Army rejects local proposals in disposal of US Army Mann Center

Ben Stuckart, City Council President, 509.625.6255

Friday, September 20, 2013 at 1:52 p.m.

The US Army has had the Mann Center on its list for disposal since 2005. The US Army notified the City Council this week that all of the local proposals for redevelopment of the property have been rejected.

“The Local Development Authority (Spokane City Council) is furious and confused by the actions of the US Army,” said Council President Ben Stuckart. “Their failure to secure the property in the first place led to the School District pulling out.”

“Now, after 10 months of hard work by community members, City Staff and Council Members, the US Army has again let Hillyard and the applicants down. It is upsetting that all of this hard work was for nothing.” says Councilman Mike Fagan

Council Member Waldref stated, “The individuals we worked with at the Army were very responsive and led us to believe that the options we presented were within our authority. The Army's decision to change course means Hillyard will now have to wait and see if someone purchases the property through auction and puts it to good use.”

Historical Back Ground – What Happened

The Spokane School District was awarded the building and property after the original Local Redevelopment Process concluded in 2010. In February 2013, the City of Spokane was notified that the Spokane School Board was no longer interested in the transfer of the Mann Center and properties. The School District cited as the main reason extensive damage done to the buildings by vandals. This was caused by lack of security while it was still in the possession of the US Army.

Upon notification, the Spokane City Council, began working closely with the US Army and formed an internal committee comprised of members of City Council and the City's Asset Management Department. The City Council was determined by the US Army to be the Local Redevelopment Authority (LRA). Numerous communications in writing with the US Army confirmed that various options existed. A presentation was provided to the City listing various options.

Once the US Army approved all documents, public outreach began. Numerous community forums, meetings and tours of the facility took place. The City Committee then solicited proposals after taking input from the public. After reviewing the proposals and scoring them a collaborative proposal came out on top. During this entire time the Spokane City Council paid for security for the property to stop the constant vandalism.

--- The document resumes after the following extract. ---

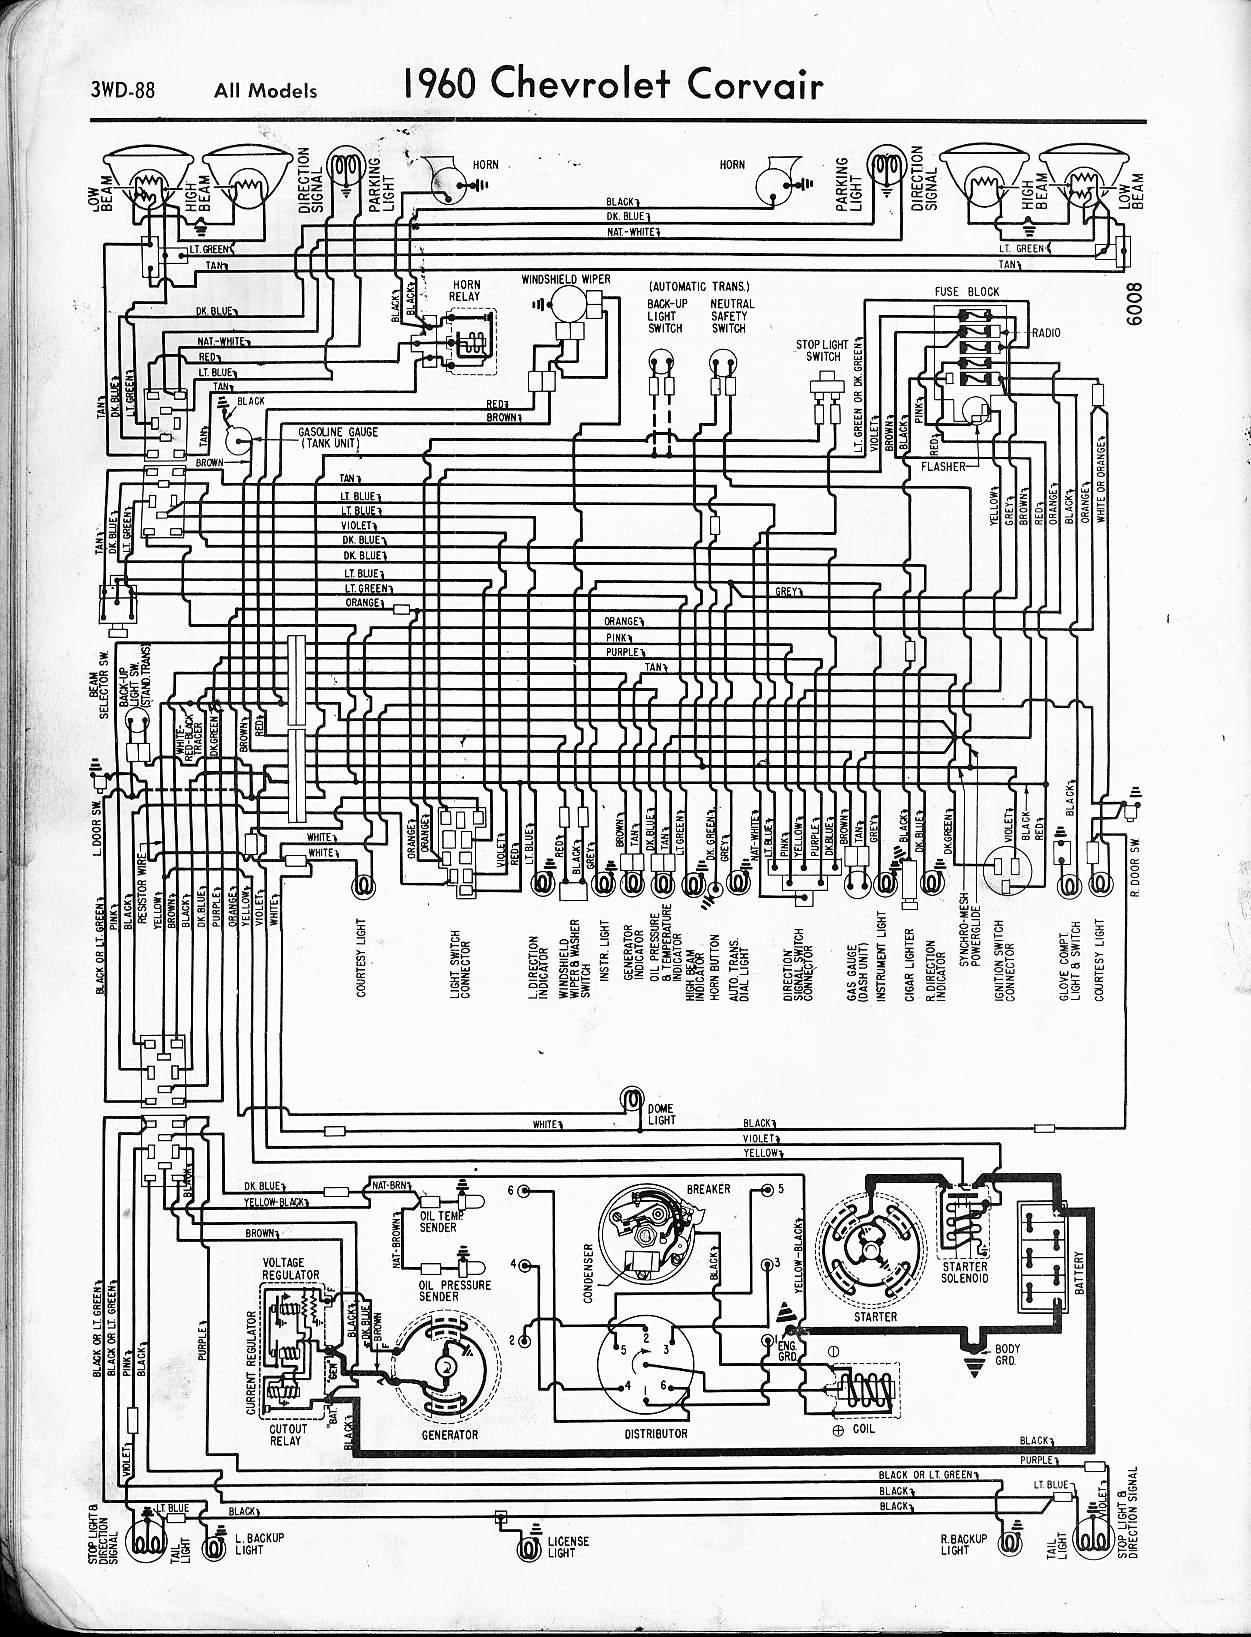 1951 Chevy Car Wiring Diagram Chevrolet

The US Army was informed of the LRA's decision and City Council waited to notify the parties until final approval was given. On August 20th Council President Stuckart was informed that the Army Corp, Office of Economic Adjustment, and the Army BRAC Office were all favorable to this solution. On September 16, the US Army completely reversed course and rejected all three proposals, stating that the only options that existed were that the City pay full market value for the property or the US Army would publically auction the property. When contacted by phone, the US Army representative explained that he could not really explain to us what happened when the approval went to the Under Secretary of the Army.

Community members spent hundreds of hours preparing proposals that would have resulted in positive economic, safety and community benefits. City staff and council members have spent hundreds of hours working with all the parties to ensure that all documents and processes we were following were according to policy.

Acceptable solutions (identified by DOD in February 2013, which now only the first two are acceptable, what changed?)

  • Give back to DOD – Will result in public auction
  • City buys property – Will pay full market value
  • Fed to Fed transfer
  • Economic Benefit Conveyance (Similar to Public Benefit Conveyance but job creation related)
  • Public Benefit Conveyance

These include: education, public health, parks, self-help housing, monument, correctional, law enforcement, emergency response, port, conservation, airport, highway, and power lines.